Enormer personeller Aufwand

Der personelle Aufwand, um diese Pandemie im Landkreis unter Kontrolle zu halten, ist allerdings enorm. Das Gesundheitsamt hat sonst 63 Mitarbeiter, derzeit sind 718 Mitarbeiter des Kreises in der Kontrollverfolgung tätig, hinzu kommen einige Mitarbeiter von Landesbehörden und Soldaten der Bundeswehr. Ihr Einsatz im Landkreis Görlitz ist bis 19. Februar verlängert worden, wenn auch mit weniger Personal. So stehen ab Sonnabend dieser Woche 111 Soldaten der Bundeswehr im Corona-Einsatz im Kreis Görlitz, darunter 63 in den Kliniken.

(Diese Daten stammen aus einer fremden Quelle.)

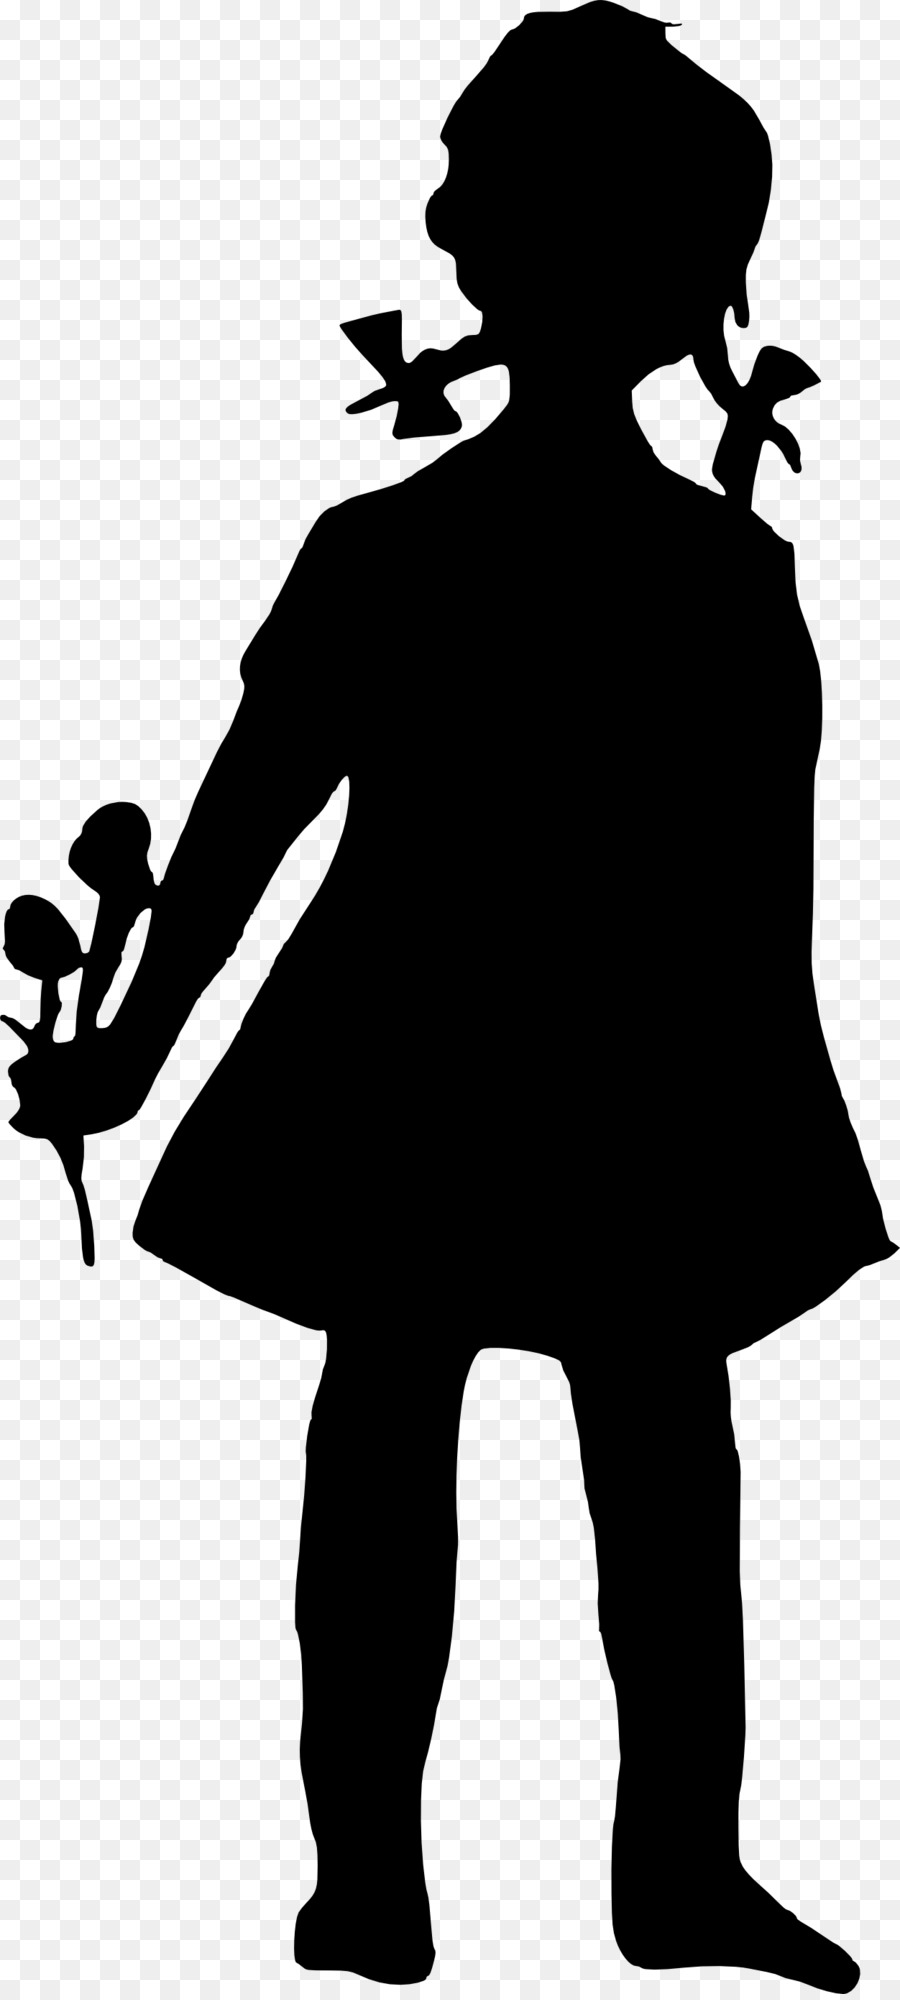 Free Little Girl Silhouette Clip Art, Download Free Clip Art.

Bislang waren es insgesamt 156. "Ohne die vielfältige Hilfe der Bundeswehr, ohne den Einsatz in den Kliniken und bei den Hilfsorganisationen", so sagte Lange, "hätten wir das nicht leisten können".

So aber gelang dem Kreis, dass die Infektionsketten nachverfolgt werden können. Hilfreich dafür sind auch die Wirkungen der Corona-Auflagen: die sozialen Kontakte sind deutlich geringer als noch im November, es gibt keine Familienfeiern, keine betroffenen Kita-Gruppen oder Schulklassen. Nach Angaben von Gesundheitsamtsleiterin Annegret Schynol sind es jetzt meist unter 10 Kontaktpersonen bei einem positiven Corona-Fall, zuvor waren es teilweise 50 bis 60.

Doch auf Dauer müssen die Neuinfektionen deutlich sinken. Denn irgendwann muss das Gesundheitsamt mit seinen 63 Mitarbeitern die Pandemie wieder kontrollieren.